● **To do**: Retype the data exactly, leaving nothing out.

-------- Supplied data

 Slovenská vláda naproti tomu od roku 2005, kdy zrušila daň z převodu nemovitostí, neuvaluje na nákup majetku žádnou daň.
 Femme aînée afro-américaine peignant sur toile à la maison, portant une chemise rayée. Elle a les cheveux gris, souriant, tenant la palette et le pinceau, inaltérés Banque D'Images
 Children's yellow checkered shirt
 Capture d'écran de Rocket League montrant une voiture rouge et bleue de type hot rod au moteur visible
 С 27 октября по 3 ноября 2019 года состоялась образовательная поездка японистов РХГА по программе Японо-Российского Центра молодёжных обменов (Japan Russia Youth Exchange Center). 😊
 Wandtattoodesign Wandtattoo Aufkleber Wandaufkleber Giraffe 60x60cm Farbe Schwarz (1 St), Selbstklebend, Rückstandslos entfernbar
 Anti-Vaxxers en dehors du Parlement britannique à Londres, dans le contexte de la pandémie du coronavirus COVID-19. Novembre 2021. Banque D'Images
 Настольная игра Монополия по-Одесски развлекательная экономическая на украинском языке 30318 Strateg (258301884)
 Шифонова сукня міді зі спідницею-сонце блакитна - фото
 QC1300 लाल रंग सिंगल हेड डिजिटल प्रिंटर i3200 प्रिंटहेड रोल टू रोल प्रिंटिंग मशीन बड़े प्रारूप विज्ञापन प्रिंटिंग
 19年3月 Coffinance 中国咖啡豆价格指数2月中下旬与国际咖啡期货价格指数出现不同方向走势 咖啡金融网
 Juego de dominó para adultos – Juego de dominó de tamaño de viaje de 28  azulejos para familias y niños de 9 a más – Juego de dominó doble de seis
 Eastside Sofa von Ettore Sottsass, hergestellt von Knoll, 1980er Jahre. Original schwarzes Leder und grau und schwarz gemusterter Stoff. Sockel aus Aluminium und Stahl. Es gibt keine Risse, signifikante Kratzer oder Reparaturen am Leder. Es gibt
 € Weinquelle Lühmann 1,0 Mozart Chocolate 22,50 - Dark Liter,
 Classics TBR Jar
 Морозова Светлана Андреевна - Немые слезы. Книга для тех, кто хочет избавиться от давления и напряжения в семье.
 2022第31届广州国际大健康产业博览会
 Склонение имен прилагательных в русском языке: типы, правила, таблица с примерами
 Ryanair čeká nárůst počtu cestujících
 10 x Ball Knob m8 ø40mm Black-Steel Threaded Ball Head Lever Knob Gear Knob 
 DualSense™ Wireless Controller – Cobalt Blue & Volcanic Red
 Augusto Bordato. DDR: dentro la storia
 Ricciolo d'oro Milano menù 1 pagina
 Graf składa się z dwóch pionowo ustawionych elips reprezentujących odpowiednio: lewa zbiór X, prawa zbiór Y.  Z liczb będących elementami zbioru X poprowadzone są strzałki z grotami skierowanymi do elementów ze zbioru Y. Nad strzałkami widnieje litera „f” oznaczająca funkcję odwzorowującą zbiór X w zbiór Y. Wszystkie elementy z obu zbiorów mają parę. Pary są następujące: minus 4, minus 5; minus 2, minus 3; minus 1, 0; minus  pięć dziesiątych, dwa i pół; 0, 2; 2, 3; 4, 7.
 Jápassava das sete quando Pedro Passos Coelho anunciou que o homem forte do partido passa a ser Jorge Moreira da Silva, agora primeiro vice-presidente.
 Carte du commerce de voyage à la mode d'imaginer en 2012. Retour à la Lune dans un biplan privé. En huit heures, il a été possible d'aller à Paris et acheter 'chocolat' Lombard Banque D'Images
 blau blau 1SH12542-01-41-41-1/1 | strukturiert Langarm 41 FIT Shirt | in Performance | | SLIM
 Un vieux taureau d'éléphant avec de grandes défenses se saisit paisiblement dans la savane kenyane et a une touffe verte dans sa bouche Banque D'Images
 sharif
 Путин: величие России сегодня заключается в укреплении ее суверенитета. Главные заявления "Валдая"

----------------

● **Task response**:
 Slovenská vláda naproti tomu od roku 2005, kdy zrušila daň z převodu nemovitostí, neuvaluje na nákup majetku žádnou daň.
 Femme aînée afro-américaine peignant sur toile à la maison, portant une chemise rayée. Elle a les cheveux gris, souriant, tenant la palette et le pinceau, inaltérés Banque D'Images
 Children's yellow checkered shirt
 Capture d'écran de Rocket League montrant une voiture rouge et bleue de type hot rod au moteur visible
 С 27 октября по 3 ноября 2019 года состоялась образовательная поездка японистов РХГА по программе Японо-Российского Центра молодёжных обменов (Japan Russia Youth Exchange Center). 😊
 Wandtattoodesign Wandtattoo Aufkleber Wandaufkleber Giraffe 60x60cm Farbe Schwarz (1 St), Selbstklebend, Rückstandslos entfernbar
 Anti-Vaxxers en dehors du Parlement britannique à Londres, dans le contexte de la pandémie du coronavirus COVID-19. Novembre 2021. Banque D'Images
 Настольная игра Монополия по-Одесски развлекательная экономическая на украинском языке 30318 Strateg (258301884)
 Шифонова сукня міді зі спідницею-сонце блакитна - фото
 QC1300 लाल रंग सिंगल हेड डिजिटल प्रिंटर i3200 प्रिंटहेड रोल टू रोल प्रिंटिंग मशीन बड़े प्रारूप विज्ञापन प्रिंटिंग
 19年3月 Coffinance 中国咖啡豆价格指数2月中下旬与国际咖啡期货价格指数出现不同方向走势 咖啡金融网
 Juego de dominó para adultos – Juego de dominó de tamaño de viaje de 28  azulejos para familias y niños de 9 a más – Juego de dominó doble de seis
 Eastside Sofa von Ettore Sottsass, hergestellt von Knoll, 1980er Jahre. Original schwarzes Leder und grau und schwarz gemusterter Stoff. Sockel aus Aluminium und Stahl. Es gibt keine Risse, signifikante Kratzer oder Reparaturen am Leder. Es gibt
 € Weinquelle Lühmann 1,0 Mozart Chocolate 22,50 - Dark Liter,
 Classics TBR Jar
 Морозова Светлана Андреевна - Немые слезы. Книга для тех, кто хочет избавиться от давления и напряжения в семье.
 2022第31届广州国际大健康产业博览会
 Склонение имен прилагательных в русском языке: типы, правила, таблица с примерами
 Ryanair čeká nárůst počtu cestujících
 10 x Ball Knob m8 ø40mm Black-Steel Threaded Ball Head Lever Knob Gear Knob 
 DualSense™ Wireless Controller – Cobalt Blue & Volcanic Red
 Augusto Bordato. DDR: dentro la storia
 Ricciolo d'oro Milano menù 1 pagina
 Graf składa się z dwóch pionowo ustawionych elips reprezentujących odpowiednio: lewa zbiór X, prawa zbiór Y.  Z liczb będących elementami zbioru X poprowadzone są strzałki z grotami skierowanymi do elementów ze zbioru Y. Nad strzałkami widnieje litera „f” oznaczająca funkcję odwzorowującą zbiór X w zbiór Y. Wszystkie elementy z obu zbiorów mają parę. Pary są następujące: minus 4, minus 5; minus 2, minus 3; minus 1, 0; minus  pięć dziesiątych, dwa i pół; 0, 2; 2, 3; 4, 7.
 Jápassava das sete quando Pedro Passos Coelho anunciou que o homem forte do partido passa a ser Jorge Moreira da Silva, agora primeiro vice-presidente.
 Carte du commerce de voyage à la mode d'imaginer en 2012. Retour à la Lune dans un biplan privé. En huit heures, il a été possible d'aller à Paris et acheter 'chocolat' Lombard Banque D'Images
 blau blau 1SH12542-01-41-41-1/1 | strukturiert Langarm 41 FIT Shirt | in Performance | | SLIM
 Un vieux taureau d'éléphant avec de grandes défenses se saisit paisiblement dans la savane kenyane et a une touffe verte dans sa bouche Banque D'Images
 sharif
 Путин: величие России сегодня заключается в укреплении ее суверенитета. Главные заявления "Валдая"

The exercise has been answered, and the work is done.